On 10 January 2019, the European Supervisory Authorities approved the content of a multilateral agreement on the practical aspects of information exchange between the European Central Bank acting in its supervisory capacity and all competent EU authorities responsible for the supervision of credit and financial institutions’ compliance with anti-money laundering/countering the financing of terrorism obligations.
(3)develop further solutions for supervising operators acting under the ‘passporting’ regime;
The European Banking Authority has set up a task force to clarify when agents and distributors that operate in a Member State other than that in which the appointing institution is authorised are ‘establishments’ for the purposes of Directives (EU) 2015/2366, Directive 2009/110/EC, and 4th Anti-Money Laundering Directive. Work is under way and expected to be concluded in 2019.
(4)provide updated guidelines on internal governance so as to further clarify expectations around the functions of compliance officers in financial institutions;
In September 2017, the European Supervisory Authorities’ Joint Sub-committee on anti-money laundering/countering the financing of terrorism decided, in light of their own and national competent authorities’ limited resources, to postpone the drafting of guidelines on the functions of compliance officers and to focus on supervisory cooperation, which was deemed a priority as risks in this area had already materialised;
(5)provide further guidance on beneficial ownership identification for investment funds providers, especially in situations presenting a higher risk of money laundering or terrorist financing;
In June 2017, the European Supervisory Authorities published ‘risk factor guidelines’ on simplified and enhanced customer due diligence and factors credit and financial institutions should consider when assessing the money laundering/terrorist financing risk associated with individual business relationships and occasional transactions.
The guidelines contain sectoral guidance for providers of investment funds and set out, for the first time at EU level, measures that funds and fund managers should take to comply with their customer due diligence obligations (including in respect of beneficial owners) and how to adjust the extent of the measures on a risk‑sensitive basis;
(6)analyse operational anti-money laundering/countering the financing of terrorism risks linked to the business/business model in the corporate banking, private banking and institutional investment sectors on the one hand, and in money or value transfer services and e-money on the other.
The European Banking Authority took stock of the findings from competent authorities’ thematic reviews of credit institutions and investment firms.
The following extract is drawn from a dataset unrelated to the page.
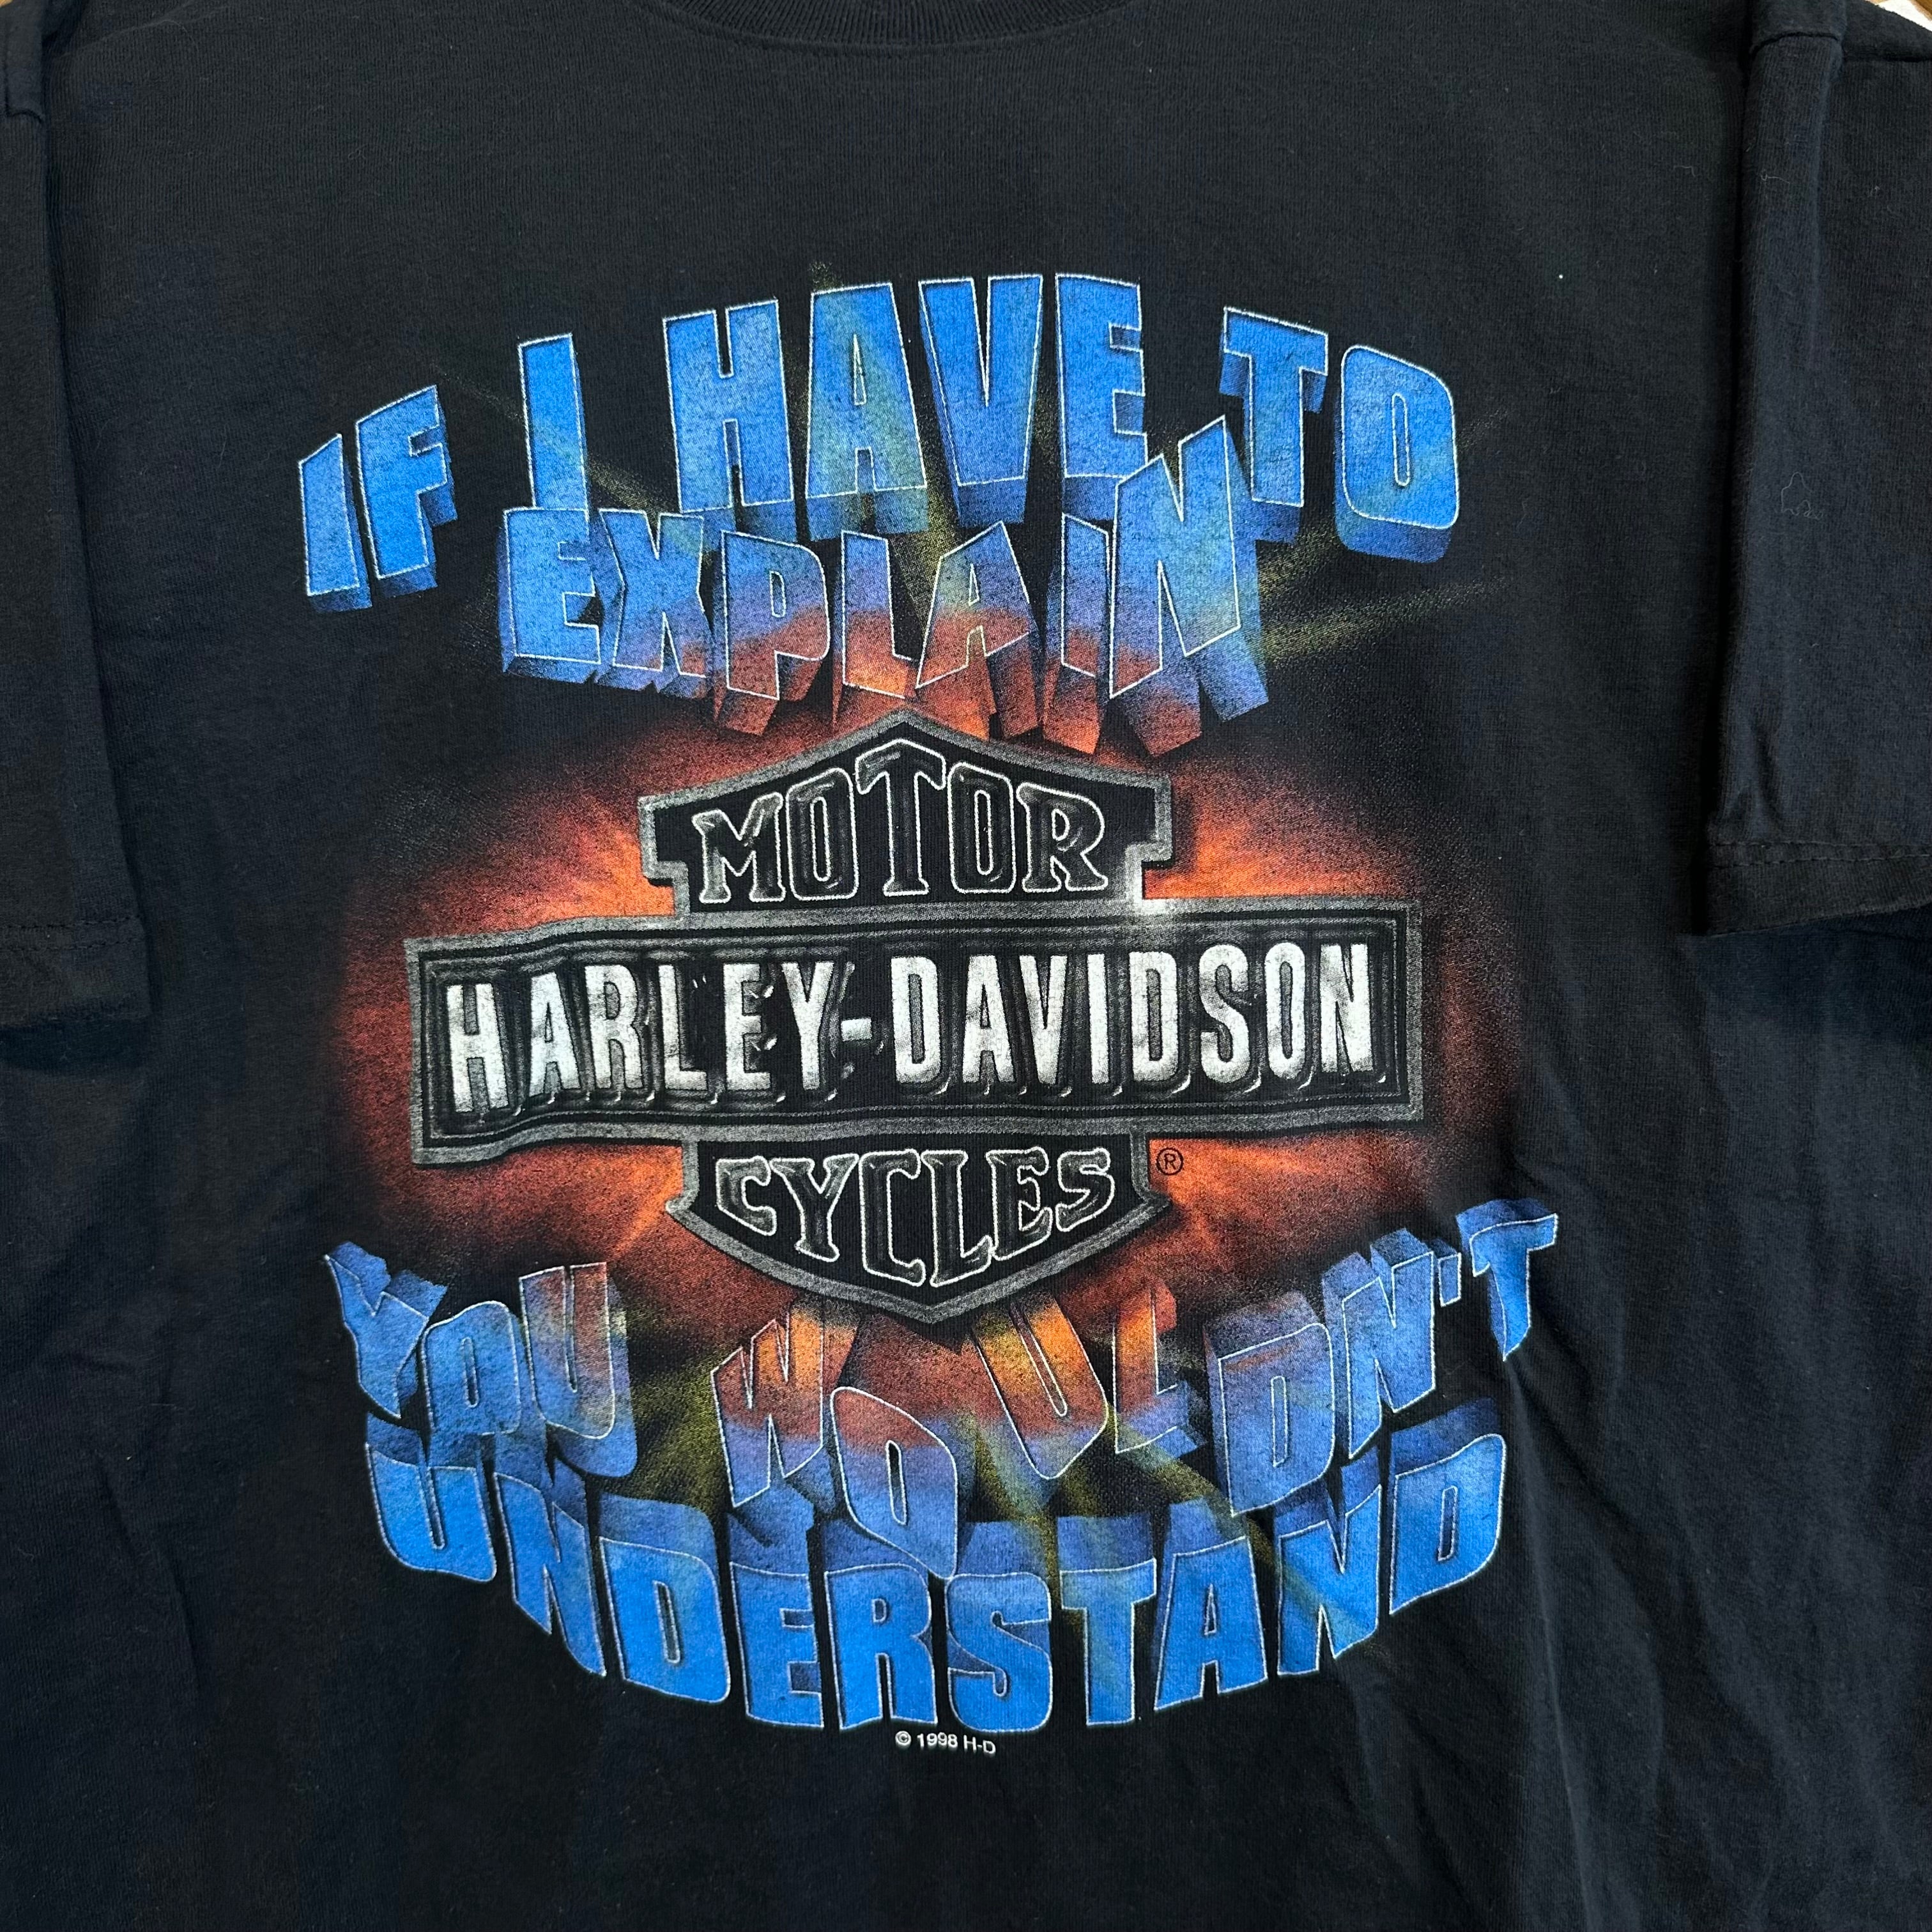 Harley Davidson If I Have to Explain Oslo, Norway T-Shirt

The findings are reflected in the joint opinion on the money laundering/terrorist financing risks affecting the Union’s financial system that the European Supervisory Authorities’ are obliged to issue for each suprarnational risk assessment exercise.
4.1.2.Current state of play
The recommendations addressed to the European Supervisory Authorities in the 2017 supranational risk assessment have been addressed, except recommendation (4) on the provision of updated guidelines on internal governance aimed at further clarifying expectations around the functions of compliance officers in financial institutions. The Commission reiterates that recommendation (4) remains to be completed.
Furthermore, the European Banking Authority is invited to complete the relevant actions under the EU Action Plan on Anti-Money Laundering annexed to the Council Conclusions of 4 December 2018.
4.2.Recommendations to non-financial supervisors
For the non-financial sector, there are no bodies at EU-level corresponding to the European Supervisory Authorities. Under the EU’s anti-money laundering framework, Member States may allow self-regulatory bodies to perform supervisory functions for tax advisors, auditors, external accountants, notaries and other independent legal professionals and estate agents.
The Commission reiterates the recommendations of the 2017 supranational risk assessment for self-regulatory bodies, notably to carry out more thematic inspections, raise the level of reporting; and continue to organise training schemes to develop understanding of risks and anti-money laundering/countering the financing of terrorism compliance obligations.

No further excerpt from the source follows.